_EXERCISE PROMPT_. The listing must be copied out in full and exactly; no images go with it.

_GIVEN INFORMATION_.
>>>

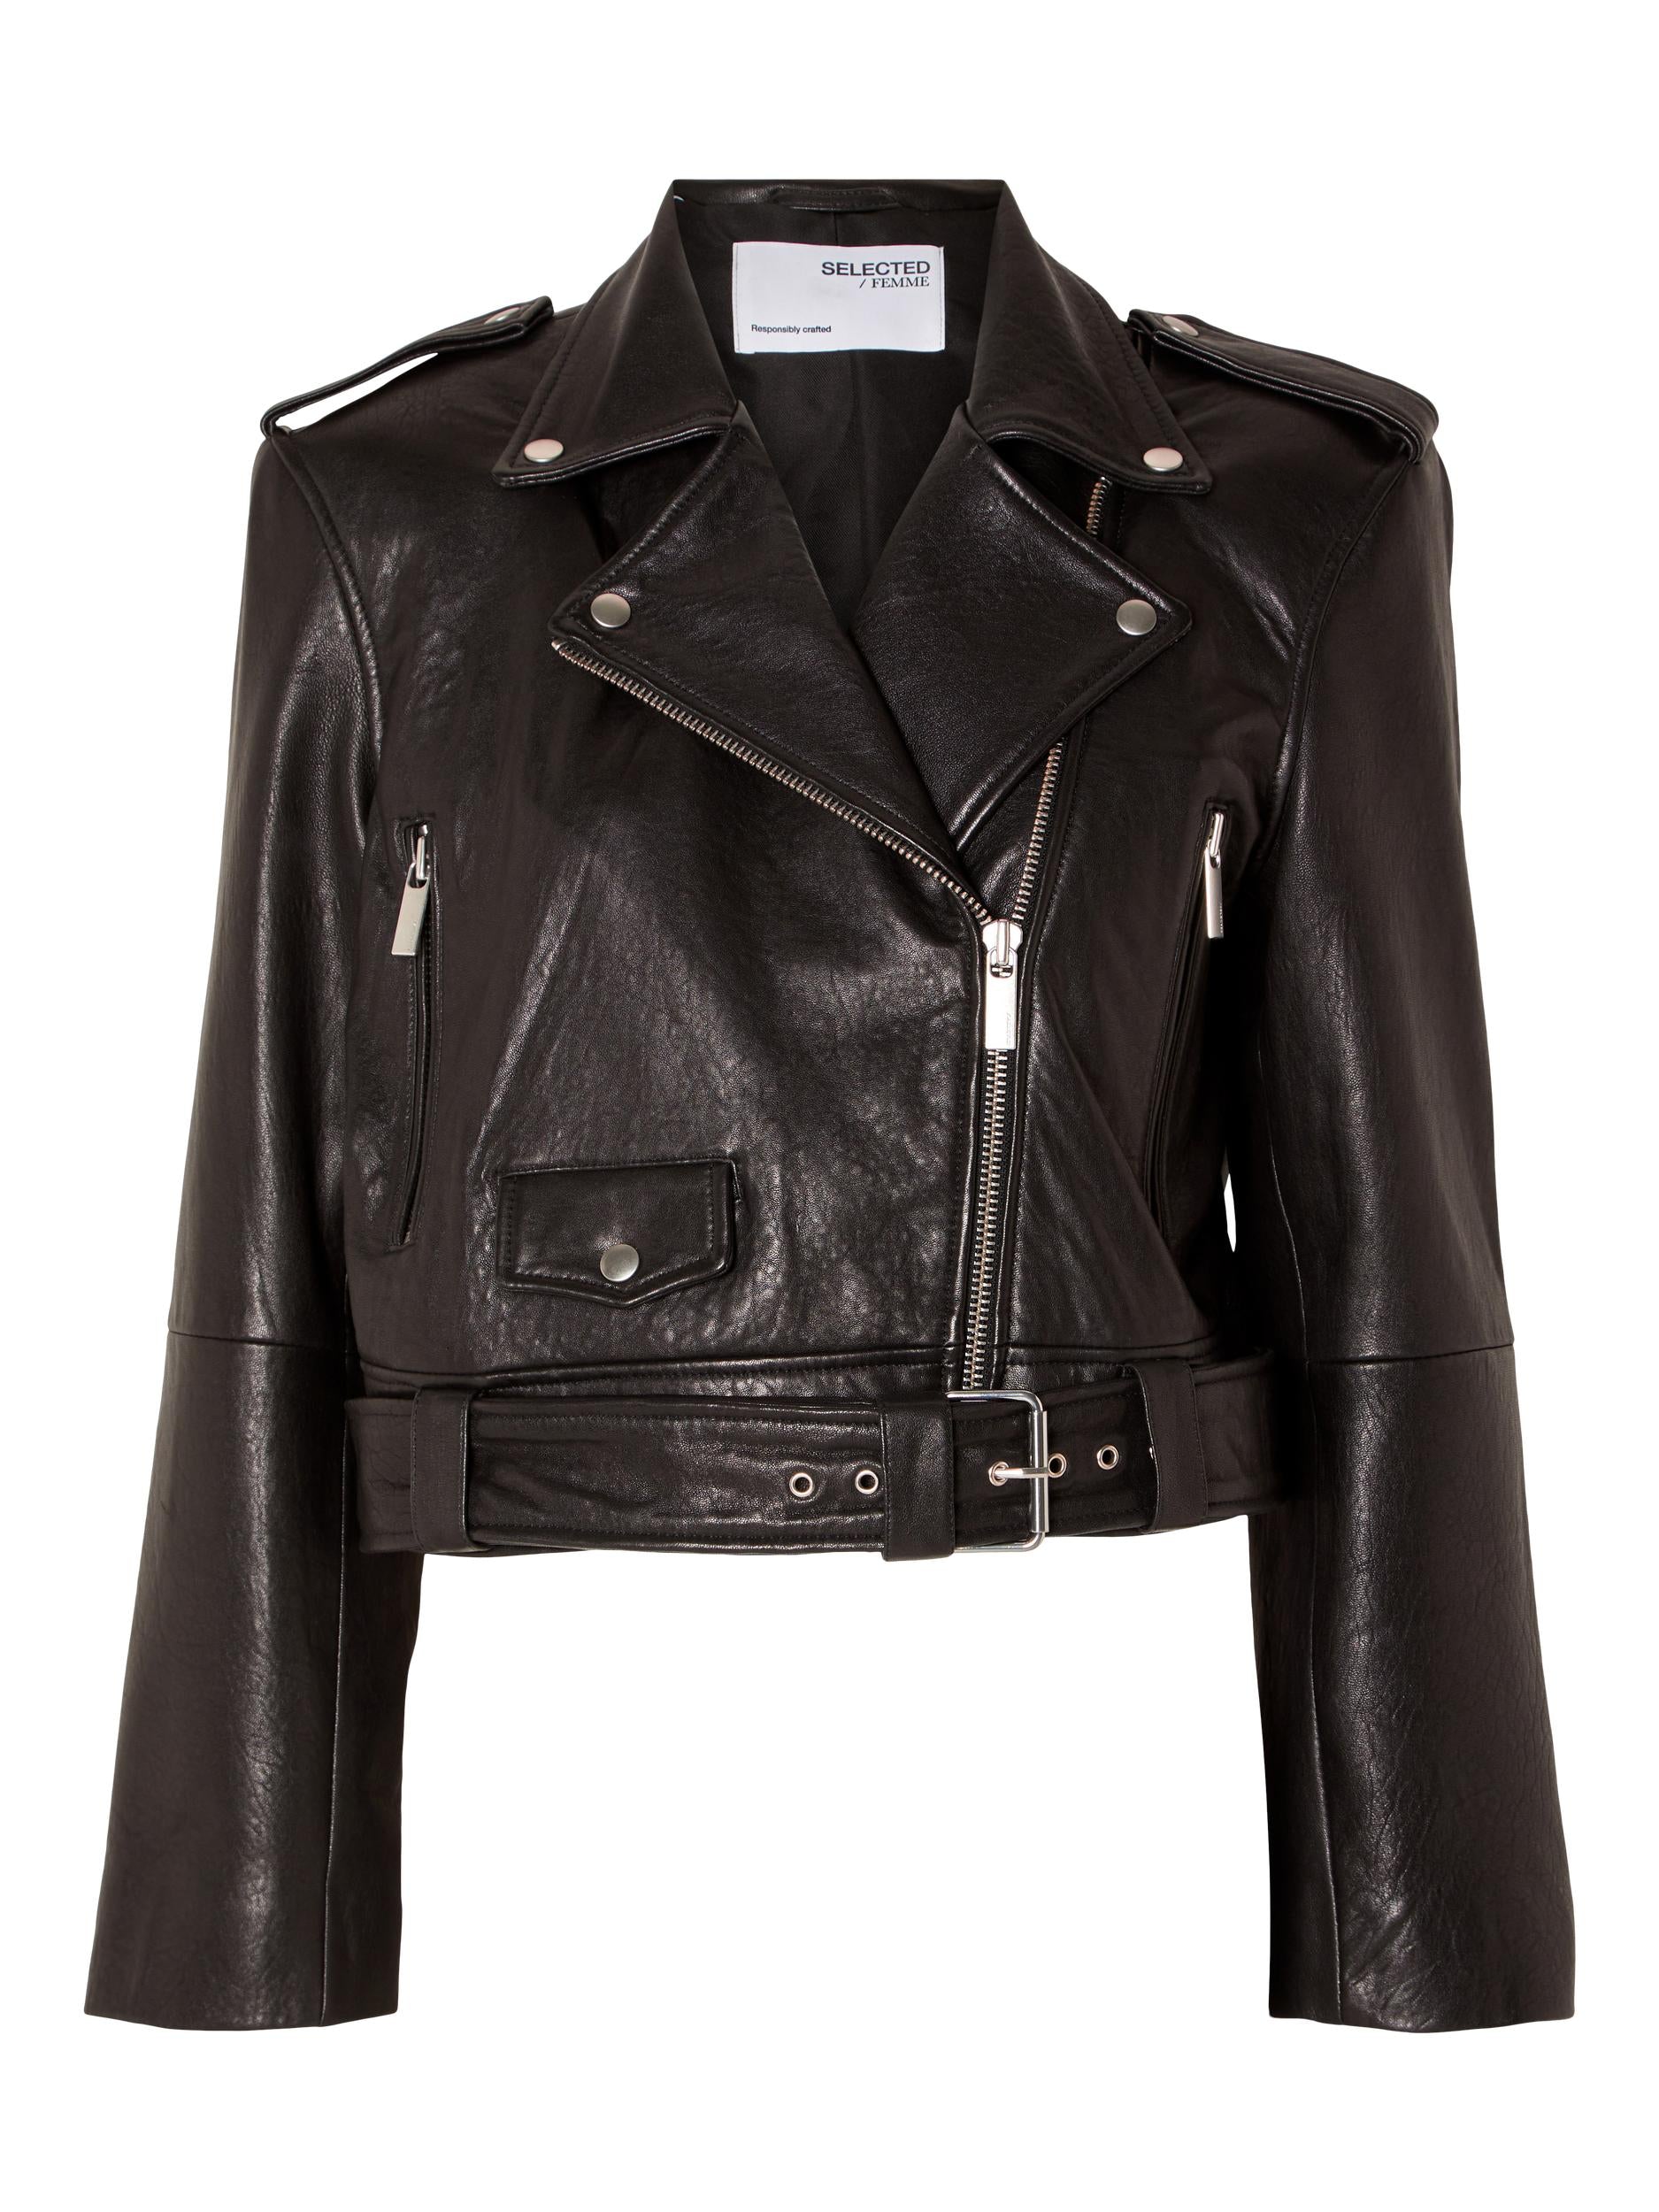 Selected Femme "Idun" Short Leather Biker Jacket
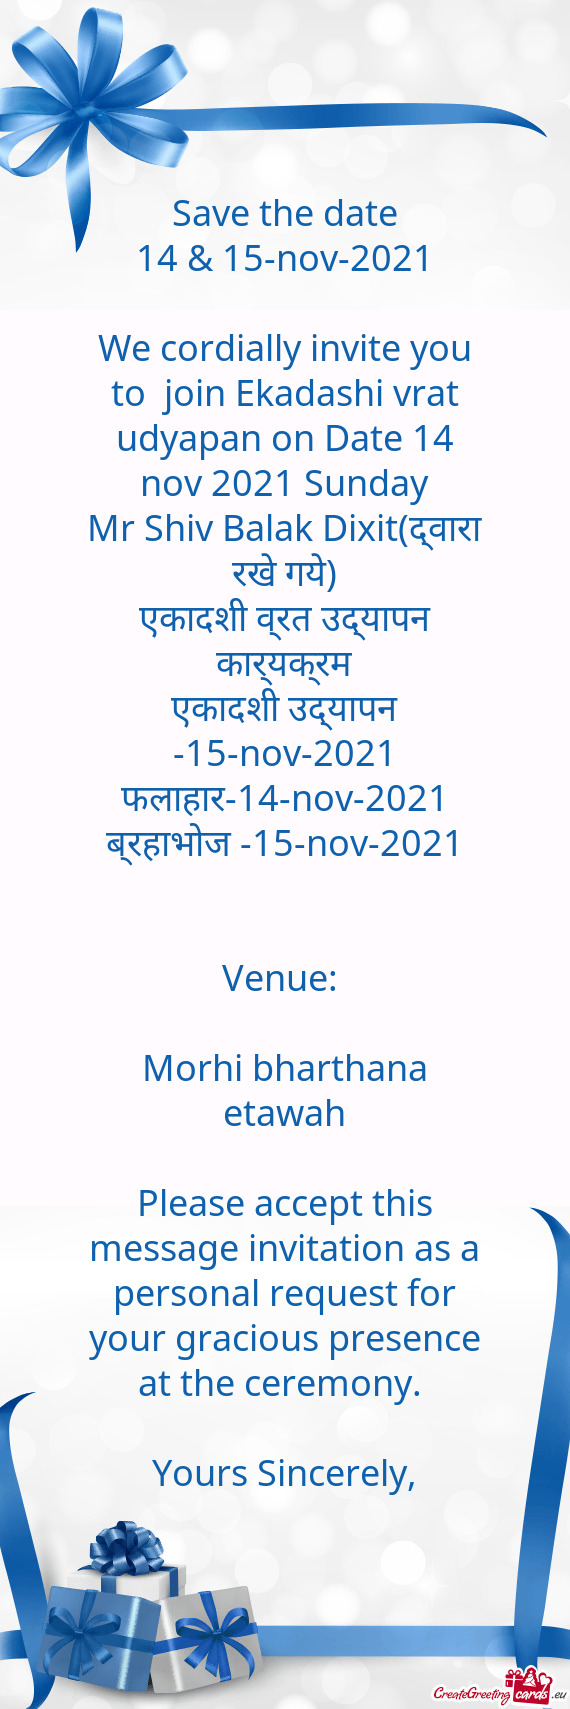 We cordially invite you to join Ekadashi vrat udyapan on Date 14 nov 2021 Sunday
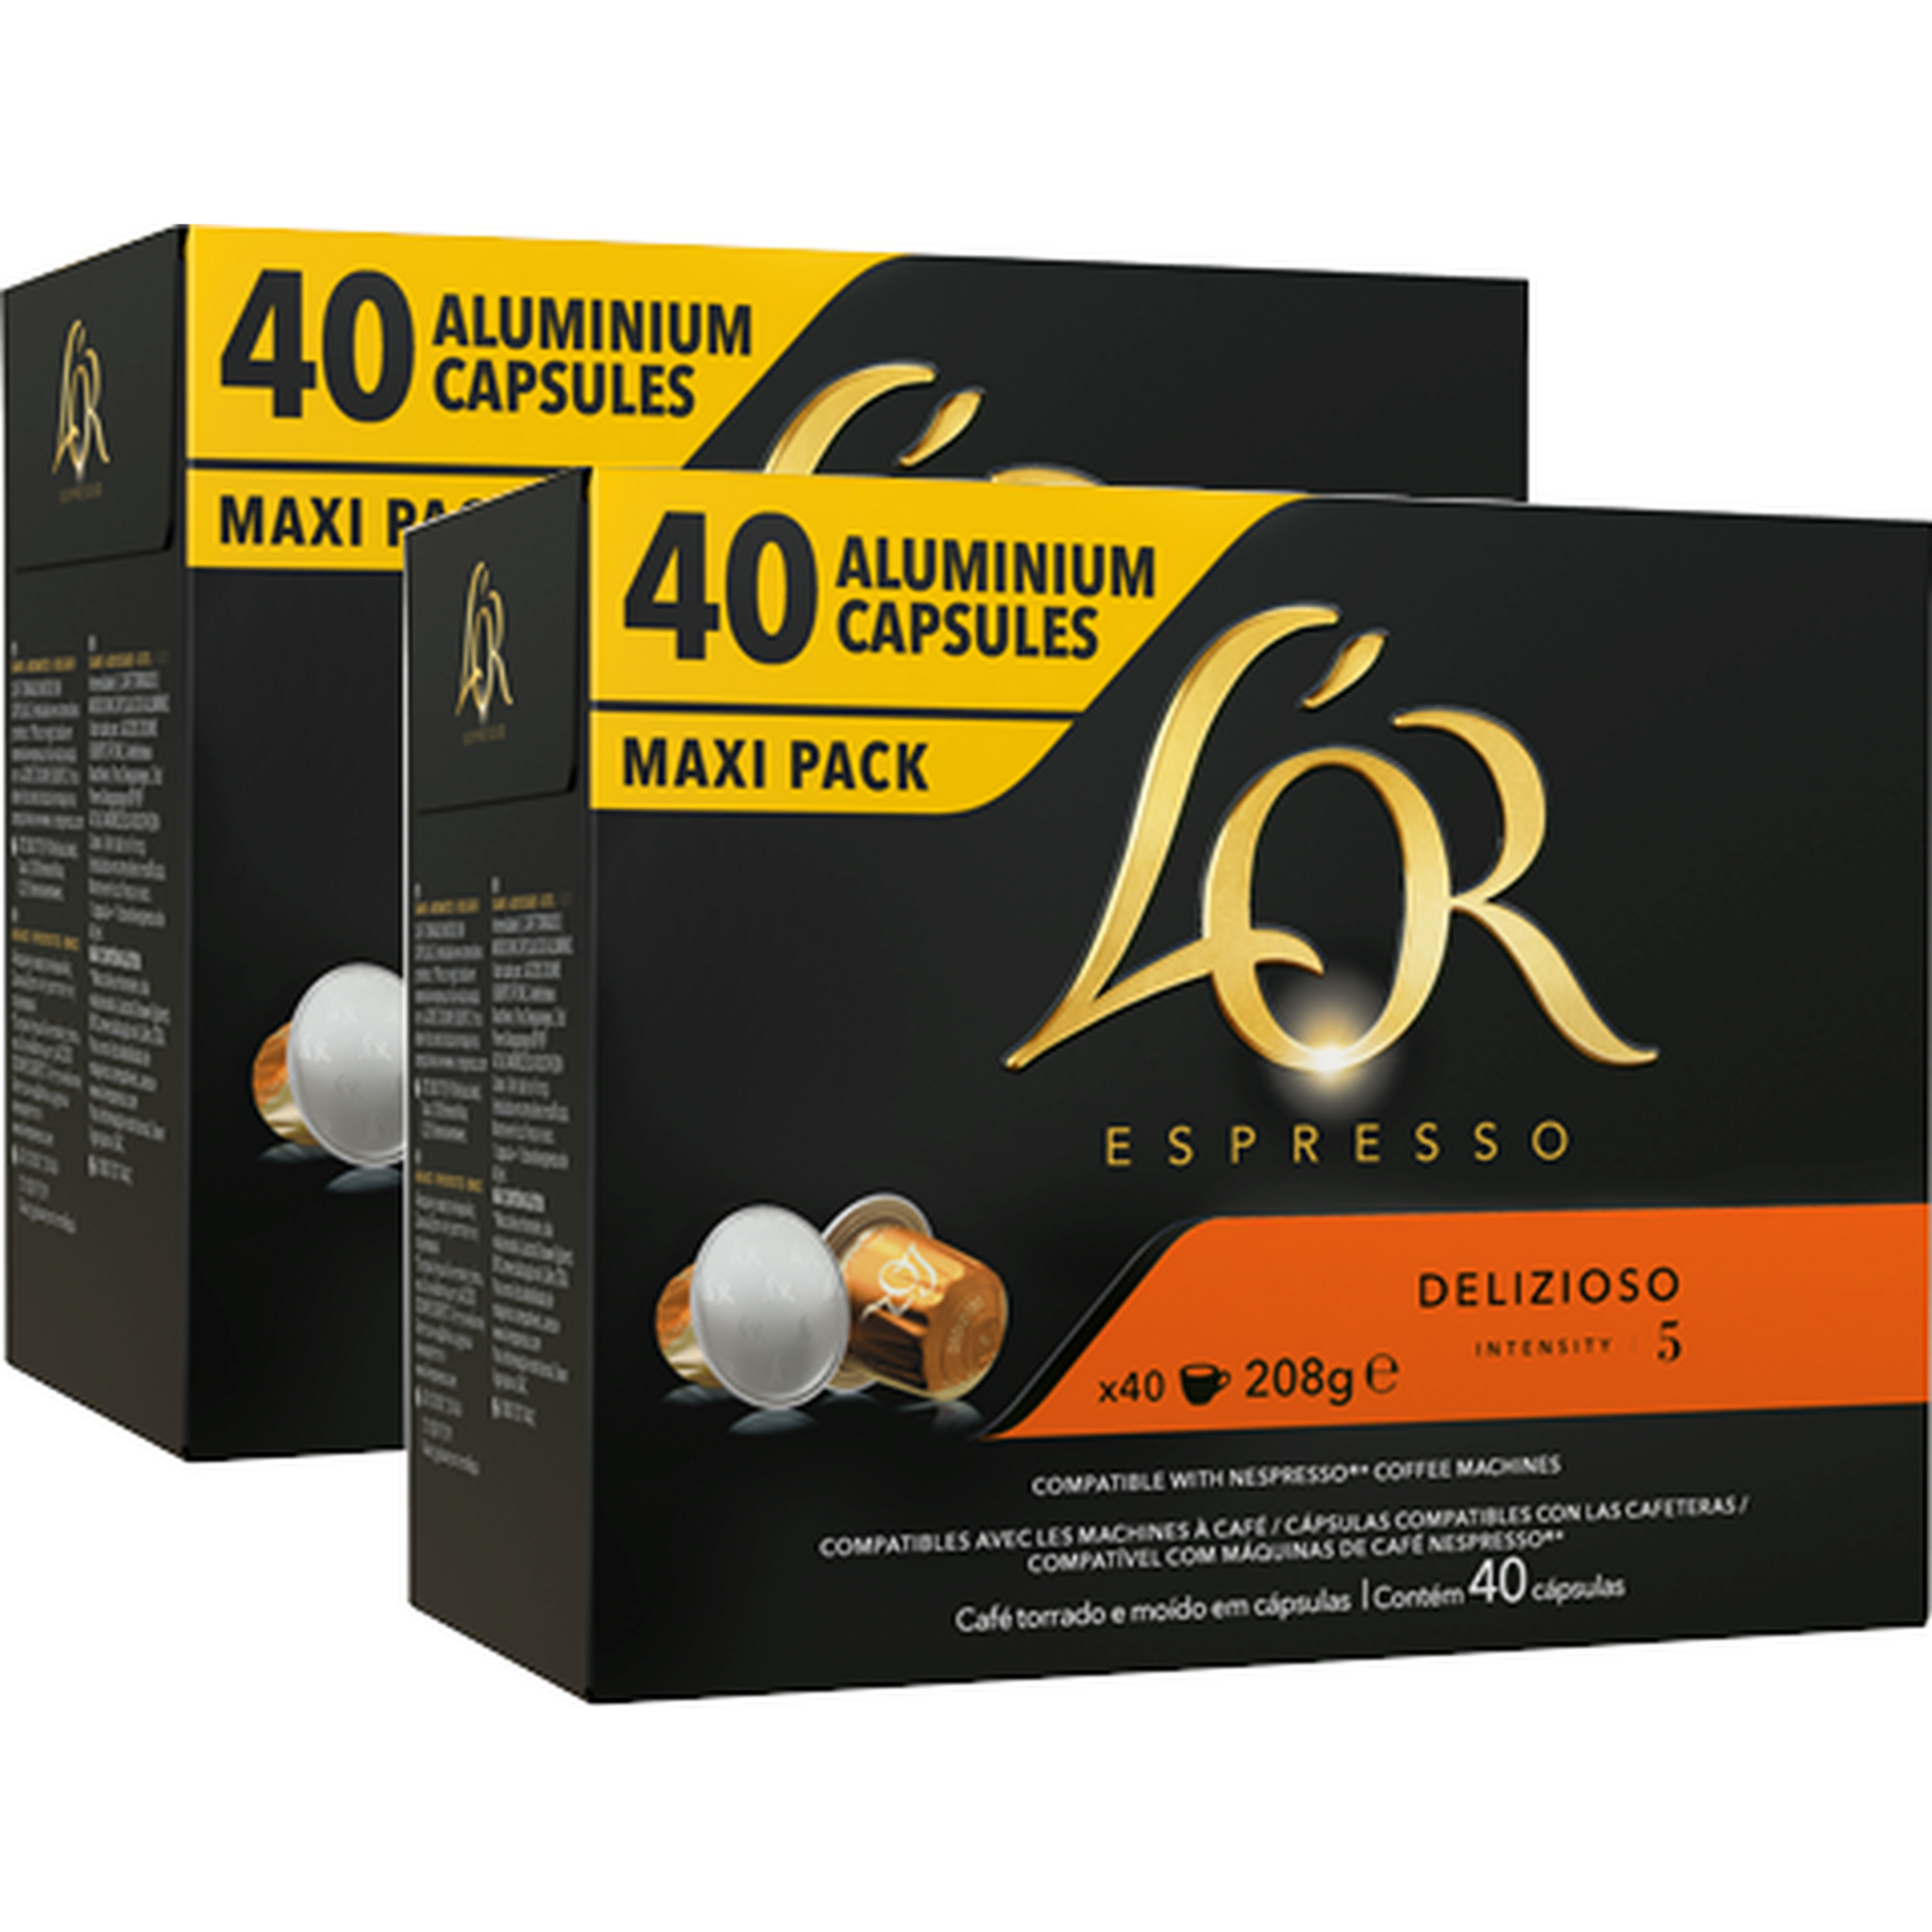 L'OR Espresso capsules de café Delizioso intensité 5 compatibles

<<<

_OUTPUT FOR THIS EXERCISE_.
 Selected Femme "Idun" Short Leather Biker Jacket
 We cordially invite you to join Ekadashi vrat udyapan on Date 14 nov 2021 Sunday
 L'OR Espresso capsules de café Delizioso intensité 5 compatibles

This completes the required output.